Seafood dishes include king crab, shrimp, scallops and sole, plus one lobster and one frogs' legs dish. Actually, there is also a steamed whole sea bass, but the waiter warned us and we agreed when we tried it that it should be ignored (or executed better), particularly since it joins the other fish as the highest priced dishes on the menu. It was stingily small, embarrassingly overcooked and unpleasantly fishy; and its mushroom and ham garnish tasted as if their flavor had been boiled away.
Overcooking also flawed the "crispy" duck, which was well seasoned but fell off the bones.

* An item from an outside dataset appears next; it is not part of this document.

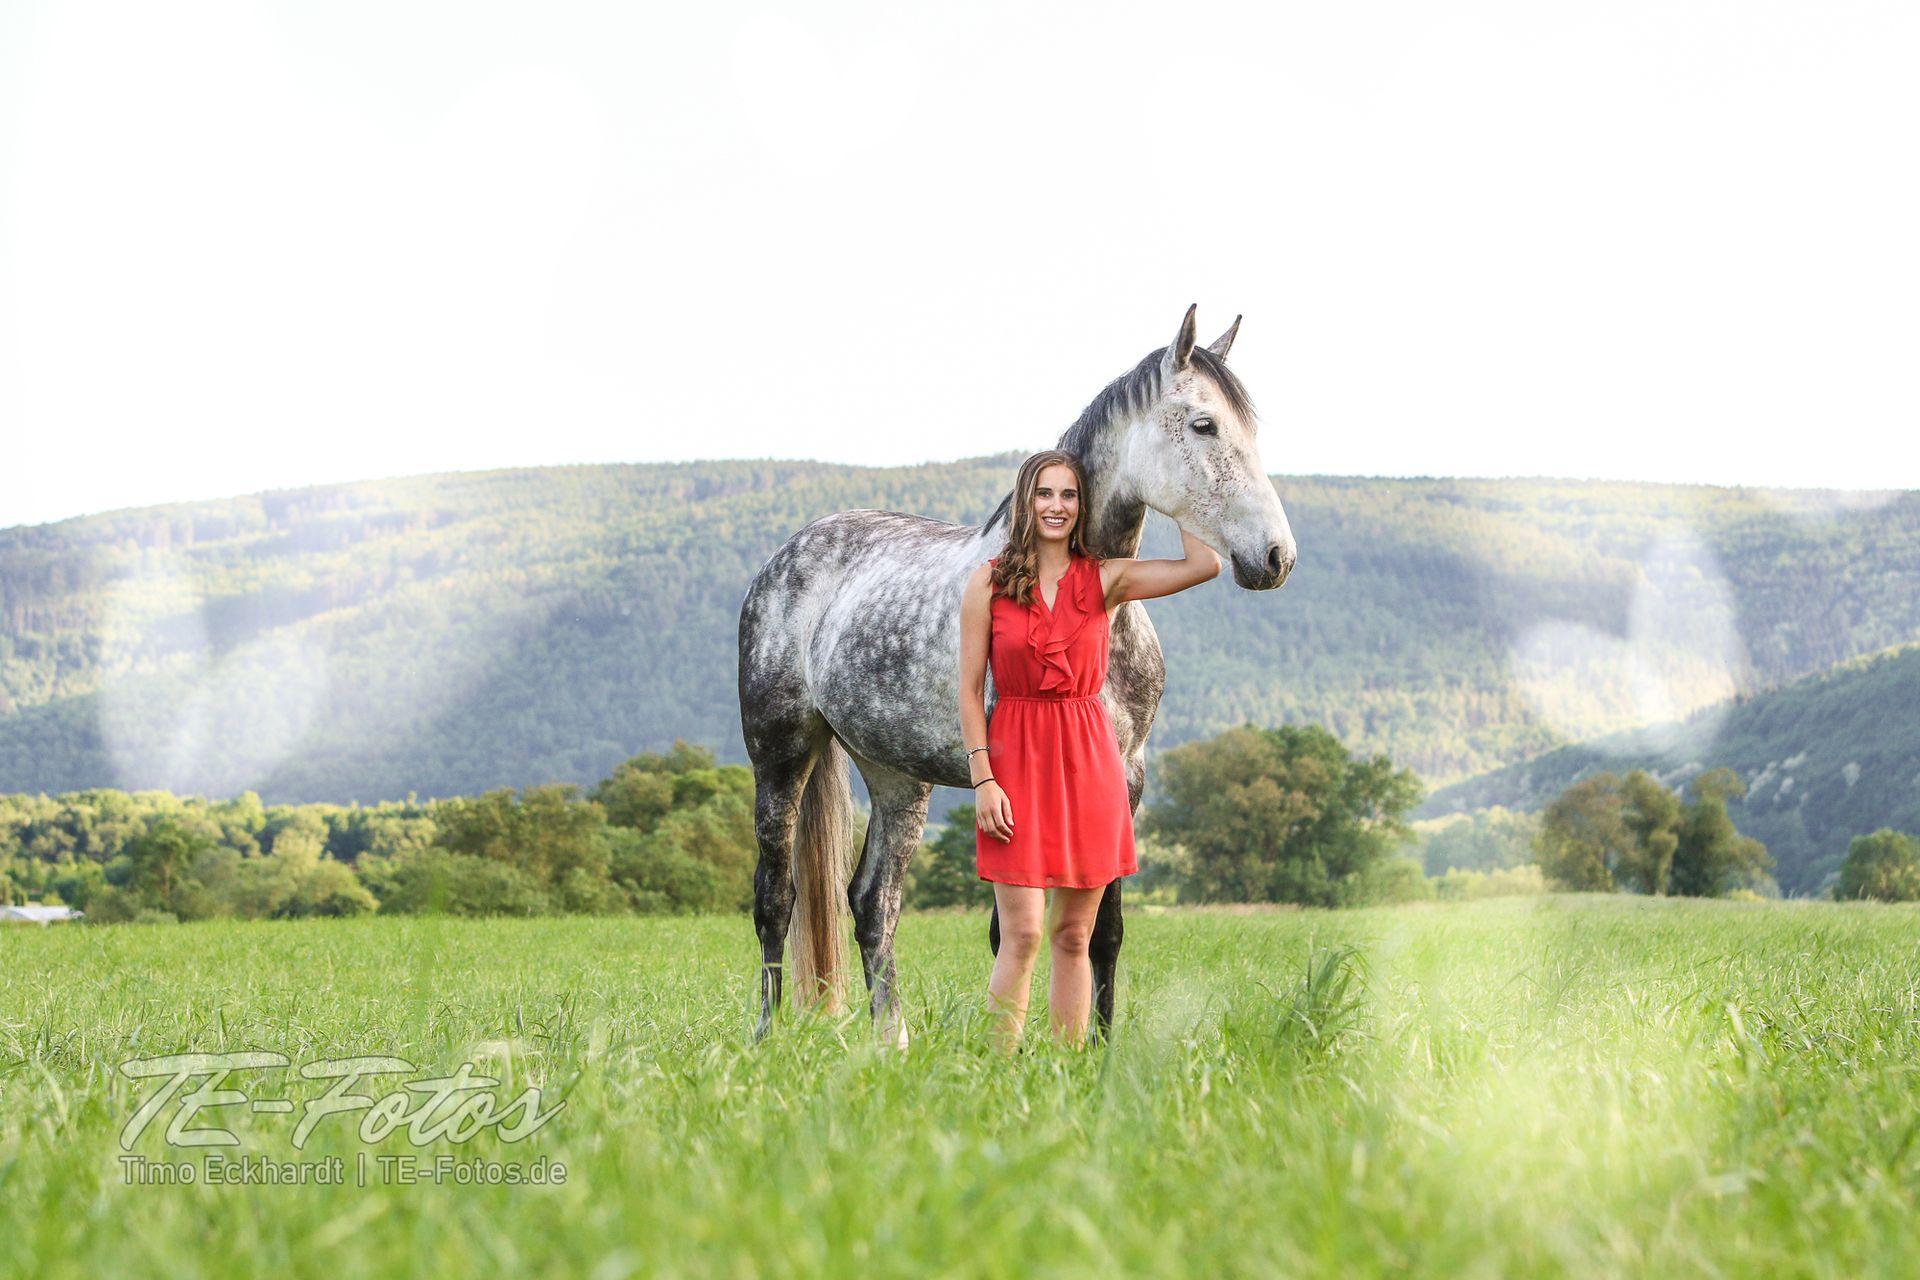 Tiershooting mit Pferd, Hund oder anderen Tieren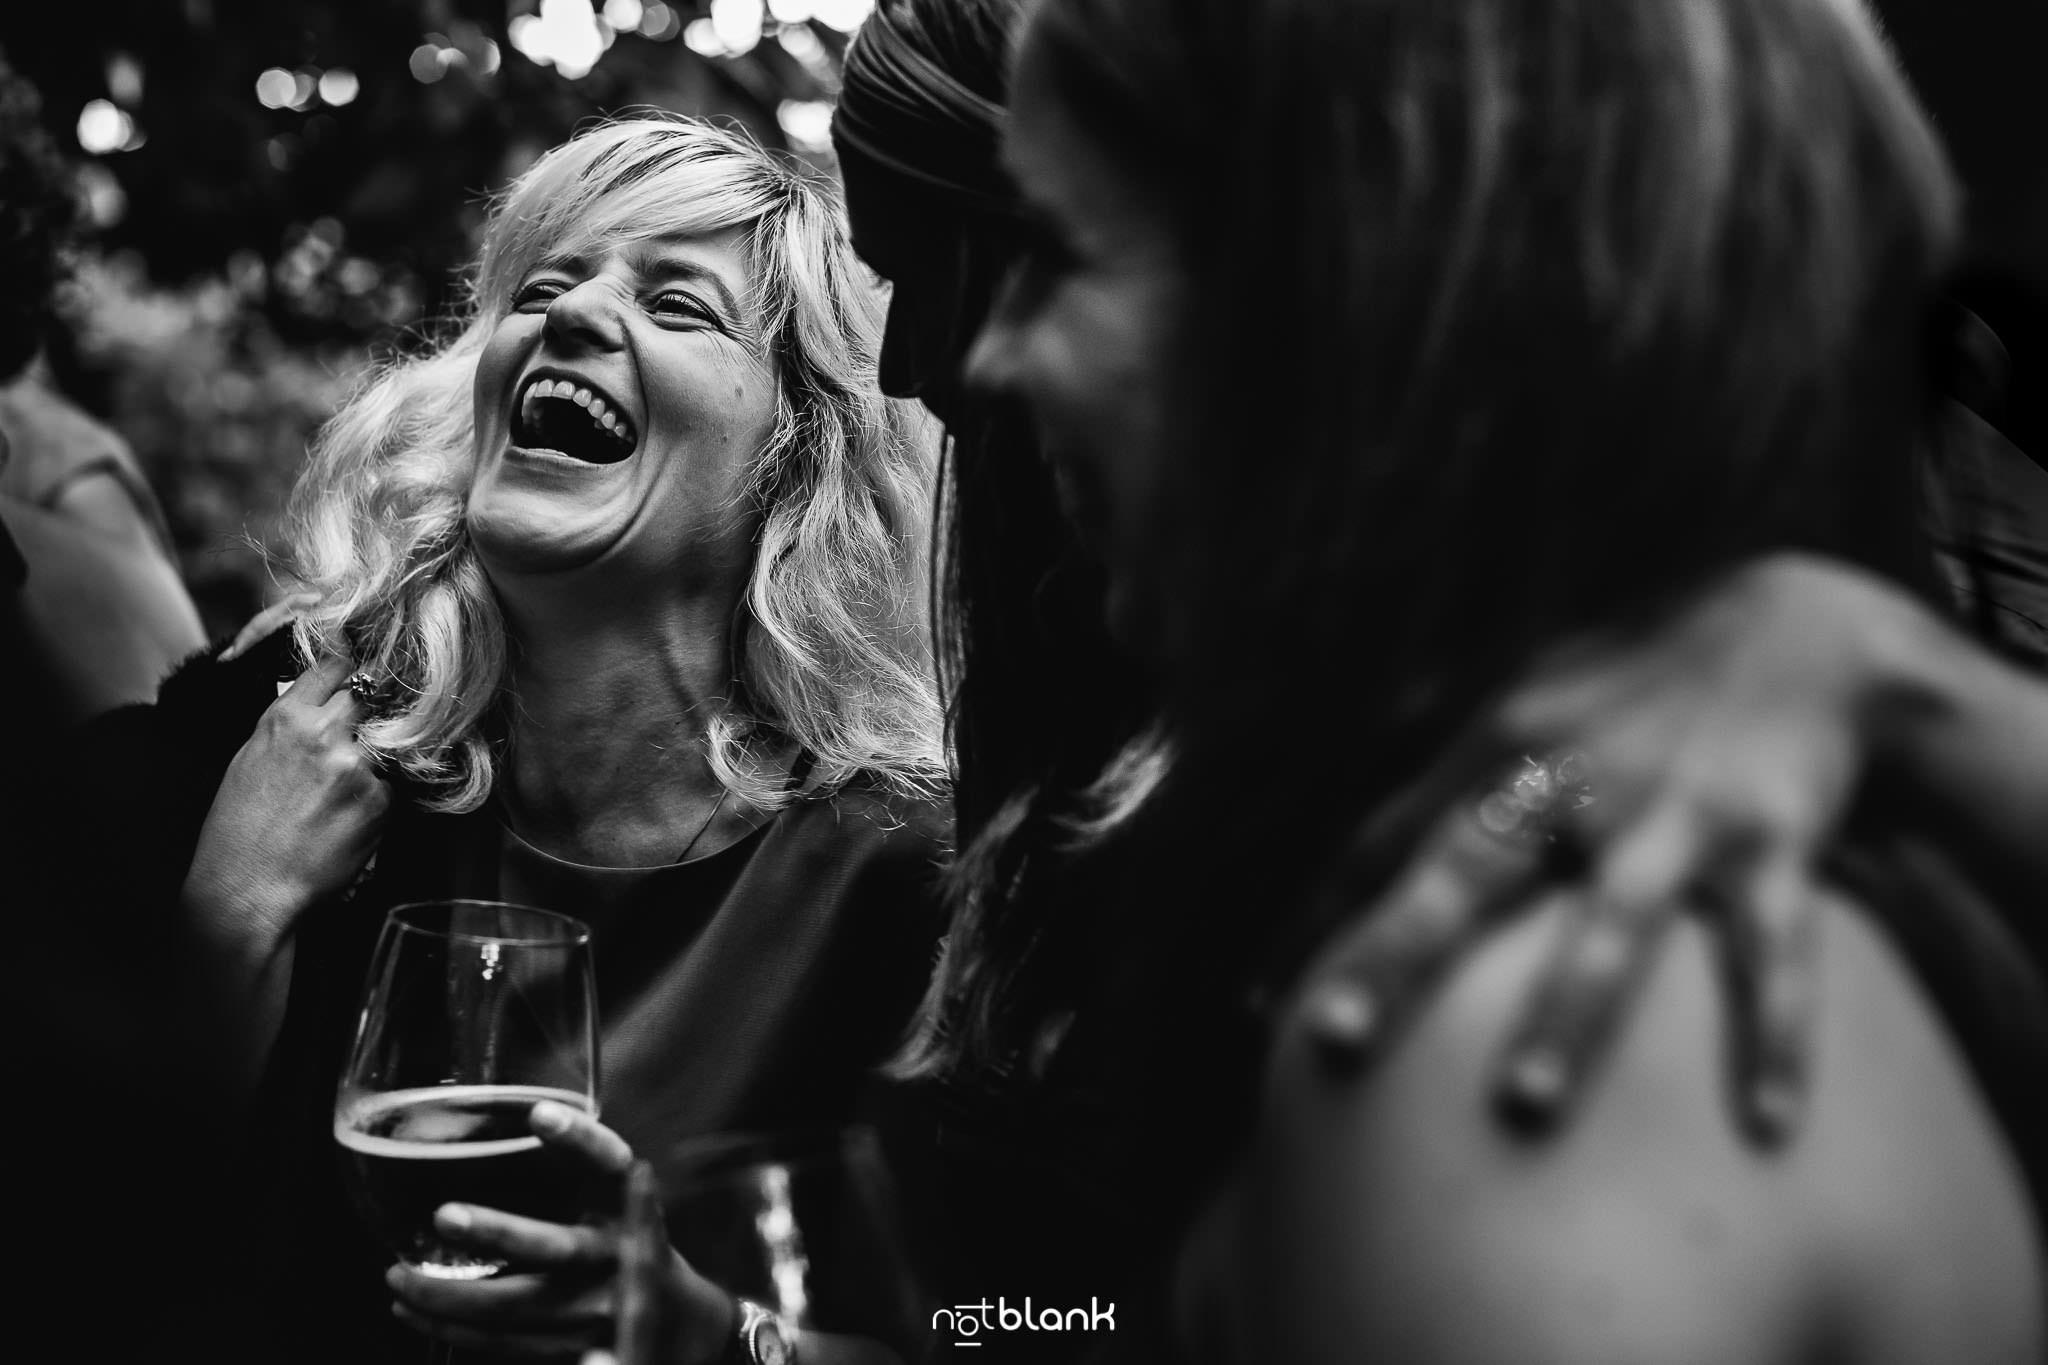 Boda En El Jardin De Casa Jana y Fran - Una invitada rie a carcajada limpia durante el cocktail de la boda civil - Notblank Fotografos de boda

Mr. K's buys spectacularly large shrimp -- though some we encountered were iodiney -- and cooks them to crystal translucence. They look stunning, whether as Willow Prawns in a glisten of clear glaze with red pimiento, green onions and ginger; or steamed in foil for Silver Gourd Savoury with a few bits of green pepper, mushrooms and scallions.
Beginnings and endings are quirky. Appetizers include delicious and particularly sophisticated dumplings -- Lovers' or Vegetarians' -- or rather mundane shrimp toast. Quail curl (first introduced at the House of Hunan from which Mr. K's spun off) and honeyed pecans and lamb in aspic are good. But lobster roll is dry and bland, smoked salmon fillet is in need of some sauce. And the soups we had were uniformly watery -- dreadful, in fact.
Desserts are western: a cart of pastries from the Watergate and other bakeries, and limp, sliced strawberries or kiwis in makeshift foil bowls. They don't fit the Chinese environment. Along with the (sometimes) elaborate warming of teacups and brewing of coffee, in what look like Baccarat bunsen burners, Mr. K's ends in a European mode.
Despite awkardness here and there, and a few culinary missteps, Mr. K's glamorous setting, sensible wine pricing and graceful cooking are drawing the curious. But Washingtonians are wary of gracious Chinese restaurants that turn indifferent and pack in crowds to capitalize on their success. Already the flower arrangements have been left to grow straggly. But with those curved banquettes, Mr. K's will never be able to wedge in more tables, and that is a promising sign.